So I lost another weekend. Wonderful. Wonderful. Well, I'm glad you're feeling better and we're looking forward to hearing more about what you got going on on the farm, because there's always a new adventure, it seems like. So good to hear. Let's talk a little bit about these mistakes investors make. And again, if you have questions, feel free to follow up. John's happy to sit down with you and chat.
Eight hundred five four five twenty nine ninety one is the number. Investments with no purpose. John, what do we what do we mean here when we're talking about, you know, investments for no purpose, this being a mistake that the people still make, no matter how long they've been investing? Yeah. So from time to time when I'm at dinner parties, which, as you know, I go to a lot of dinner parties. Was pre-COVID the last dinner party you attended? I'm not positive I've ever been to a, quote unquote, dinner party. But it's the thing that people say when they talk about their professional lives intersecting with their personal lives.
Well, you know, people ask me this at dinner parties. So I'm not the kind of person that's like, well, no, you don't want to talk with me about work outside of work. I'm not interested in that. If you'd like to ask me about investments, like make an appointment on my calendar.
I don't care. I'm happy to talk with you about it any time. But often people will come up and say, hey, you know, I've got like one hundred thousand dollars. What should I do with it? How should I invest it?
And again, I'm happy to have the conversation, but I will warn you, this is probably going to be a more in-depth conversation than you want, because I'm not just going to say, oh, you know, what's great right now? Go invest in fill in the blank because I need to know what this money is for. What's the goal of this money?
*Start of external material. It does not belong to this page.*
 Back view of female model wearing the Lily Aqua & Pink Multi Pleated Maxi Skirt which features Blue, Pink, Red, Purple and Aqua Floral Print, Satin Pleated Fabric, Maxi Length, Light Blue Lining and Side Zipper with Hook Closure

What's the purpose of it? So often we can solve this problem by simply asking that question. Well, what is this money for? And then sometimes people will say, oh, well, this is for my son's college and he goes to college in eight years or well, this is where we're saving to buy a car in a couple of years or this is eventually going to be a down payment on our next house within the next five years or so. Or, you know, maybe they have some other specific need. OK, well, from there, if we know that, that can kind of start to dictate how we might want to invest it if we know what that money is for. But more often than not, if I say, what's this money for?
The answer is, well, I don't really know. It's just I kind of want it to grow over time. Maybe it'll be a long term investment, but maybe I'll use it for something in the short term. I don't really know.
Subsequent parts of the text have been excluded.